The subject tree root, called the custodian, is a surrogate for the person offering storage services and committing to users the proper treatment of data held. The custodian has unconditional access to everything in the store, i.e., no access control checks are performed for a user logged on as the custodian, who is therefore analogous to a UNIX root user.
Delegations are task-oriented relationships which recur within a community; examples are "is secretary to" and "is auditor for". A delegation is a set of privileges required to accomplish related tasks, and is represented by a named bit vector. For instance, an administrator allows subjects to connect to the library, defines their privileges, and sets some basic access control information.; the custodian grants the privileges needed to meet these responsibilities to each administrator, who is distinguished from other subjects only by having certain uncommon privileges.
A subject can pass on privileges for well-defined tasks on circumscribed resources within the resources controlled by the granting subject; for instance, the manager-secretary relationship is homogeneous, but each manager can grant resources only from his own pool. Thus, a proxy is a subject's authorization that another subject may use a specific subset of the grantor's privileges.

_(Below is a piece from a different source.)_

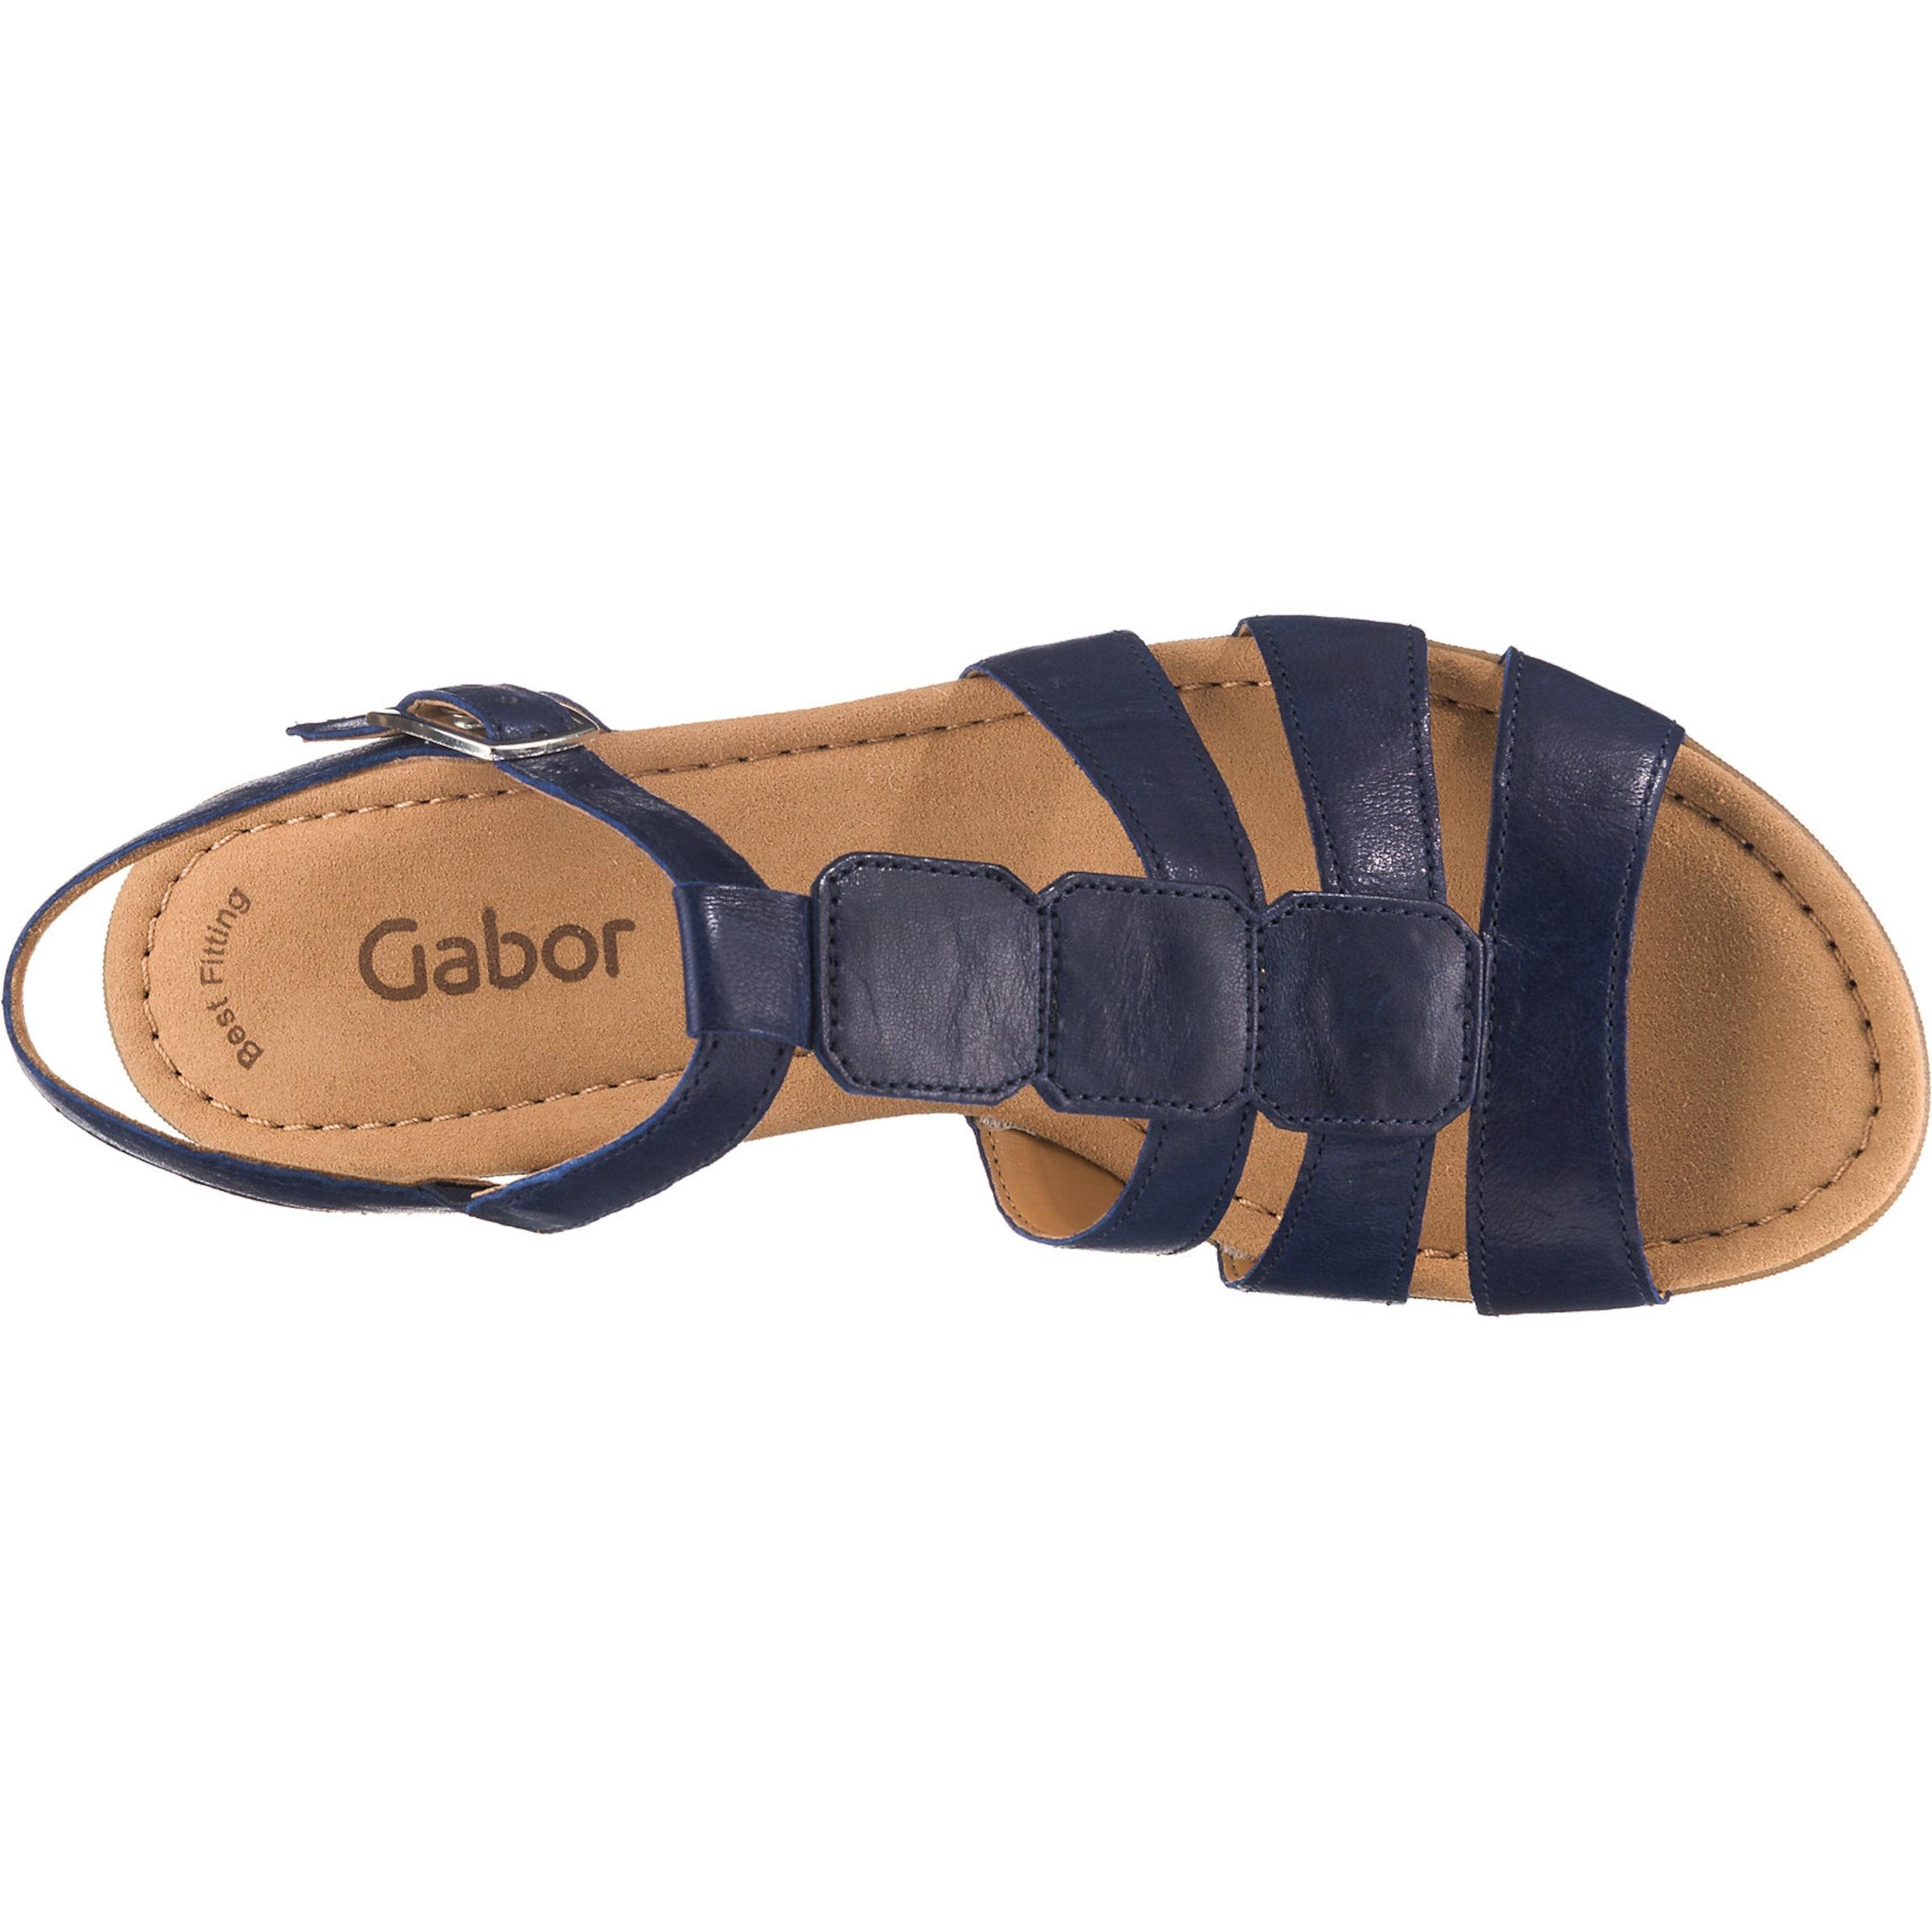 Sandalen In Gabor In Dunkelblau Gabor Sandalen n08wPkOX

A role is the exercise of a proxy, limited to the duration of a session; a user accesses a role by asking for it during logon. The act of connecting to a store (logging in) establishes an association between a user and a subject. Optionally, logging in also binds a role to the user. For the library session, the user gets the union of the privileges of the bound subject and the bound role.
Subjects' Operation Privileges and Delegations via Roles
Subjects and subject interrelationships are needed mainly for resource management. Part of each subject descriptor is a specification of which library operations it may use. Each subject s is added to the access control information. by a SubjectDefine operator. The subject doing this must itself be authorized to use SubjectDefine; this is what we mean by "library administrator".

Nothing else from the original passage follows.